ATP can be generated by substrate-level phosphorylation in glycolysis and acetate fermentation or oxidative phosphorylation in the electron transport chain. Nitric oxide (NO) produced by iNOS preferentially targets oxidative phosphorylation, and thus most ATP used for growth under nitrosative stress is derived from substrate-level phosphorylation. Zn2+ acquired through the ABC-type high affinity zinc transport system ZnuABC plays a critical role to the antinitrosative defenses of intracellular Salmonella by enabling fructose bisphosphate aldolase enzymatic activity in glycolysis. The utilization of zinc in multiple cellular processes also adds to the antinitrosative defenses of Salmonella.

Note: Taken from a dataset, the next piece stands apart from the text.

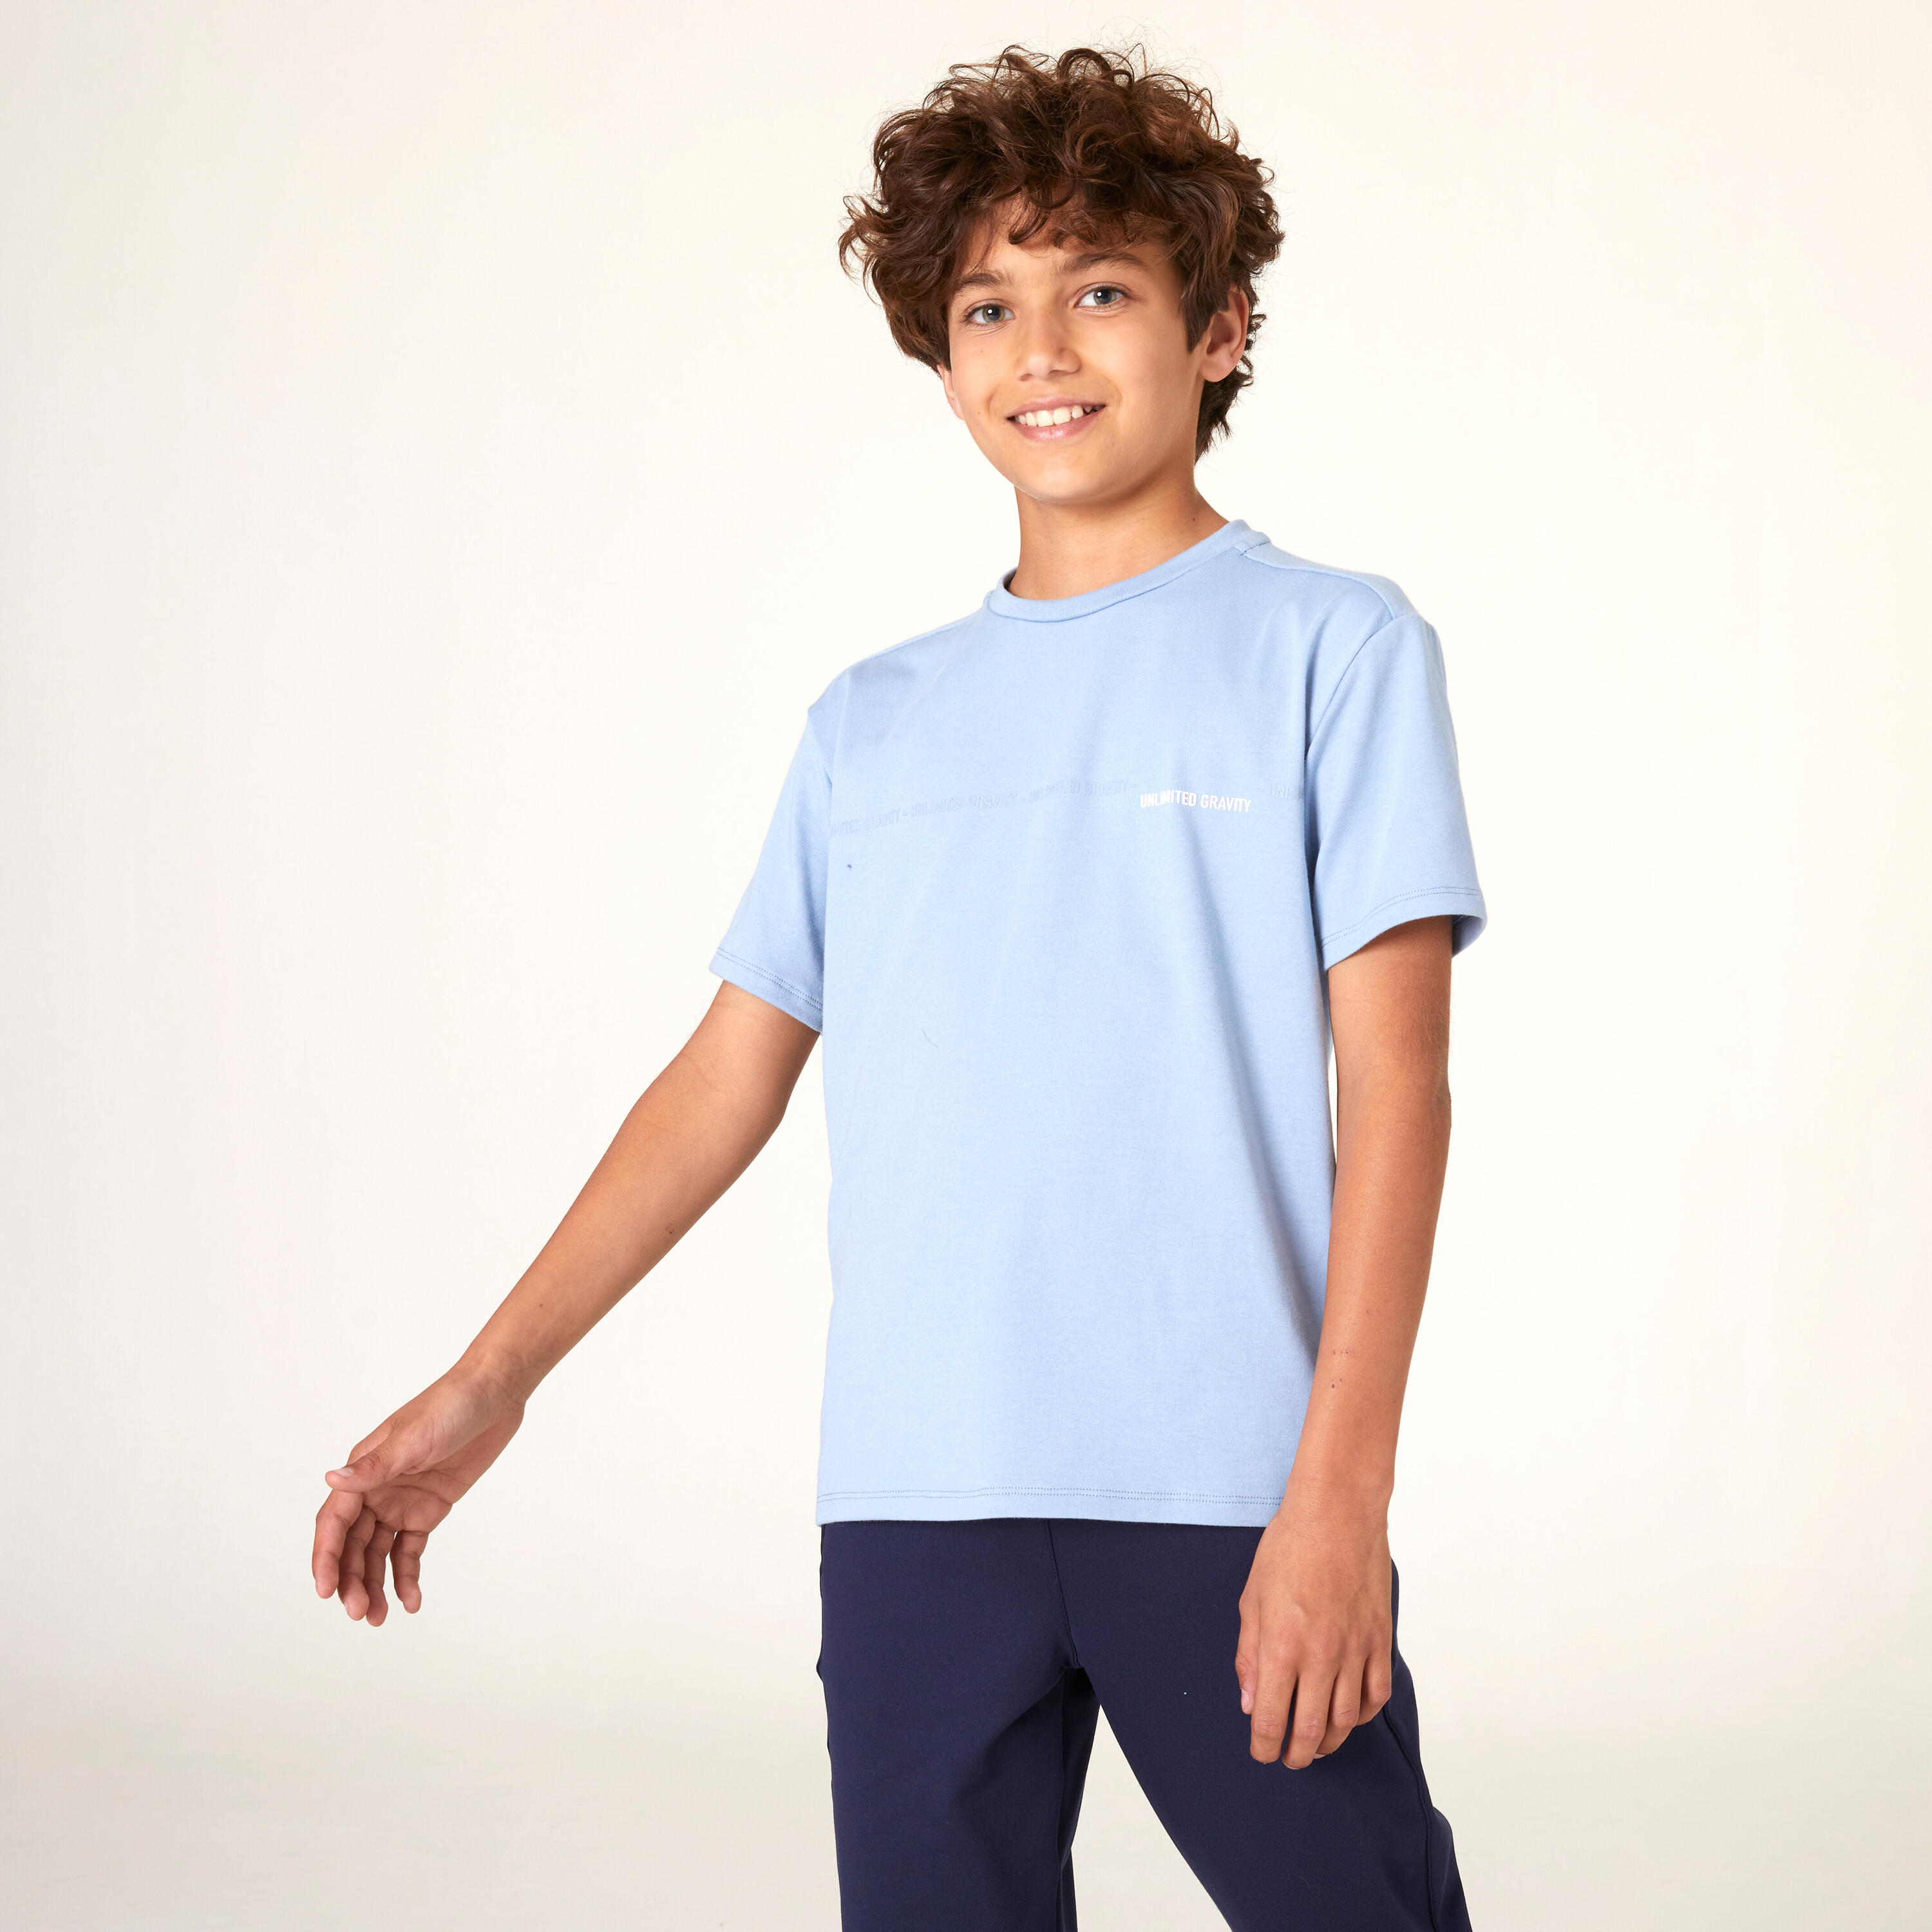 Kids' Breathable Cotton T-Shirt 500 - Blue Jeans 1/4

https://doi.org/10.1371/journal.ppat.1007388.g007

ATP generated by oxidative phosphorylation contributes very little to the antinitrosative defenses of Salmonella (Fig 7). Cytochrome bd and cytochrome bo are among the most sensitive targets of NO [46]. Nitrosylation of terminal cytochromes of the electron transport chain has a devastating effect on the ATP synthesized by oxidative phosphorylation [47]. Additionally, aconitase, pyruvate dehydrogenase, and α-ketoglutarate dehydrogenase are all sensitive to NO [10, 48], thereby not only limiting the ATP synthesized in the TCA cycle but also preventing the generation of NADH reducing power that fuels oxidative phosphorylation. Although Salmonella does not seem to strongly rely on oxidative phosphorylation to overcome nitrosative stress, ΔatpB and Δnuo Δndh mutants lacking ATP synthase and NADH dehydrogenases, respectively, are highly attenuated. These phenotypes may be explained by the fact that the electron transport chain is critical for maintaining redox balance, uptaking and effluxing substrates across the cytoplasmic membrane, and driving protein folding in the cell envelope [49]. The ATP synthase working in reverse can also be a important aspect of the proton motive force [50].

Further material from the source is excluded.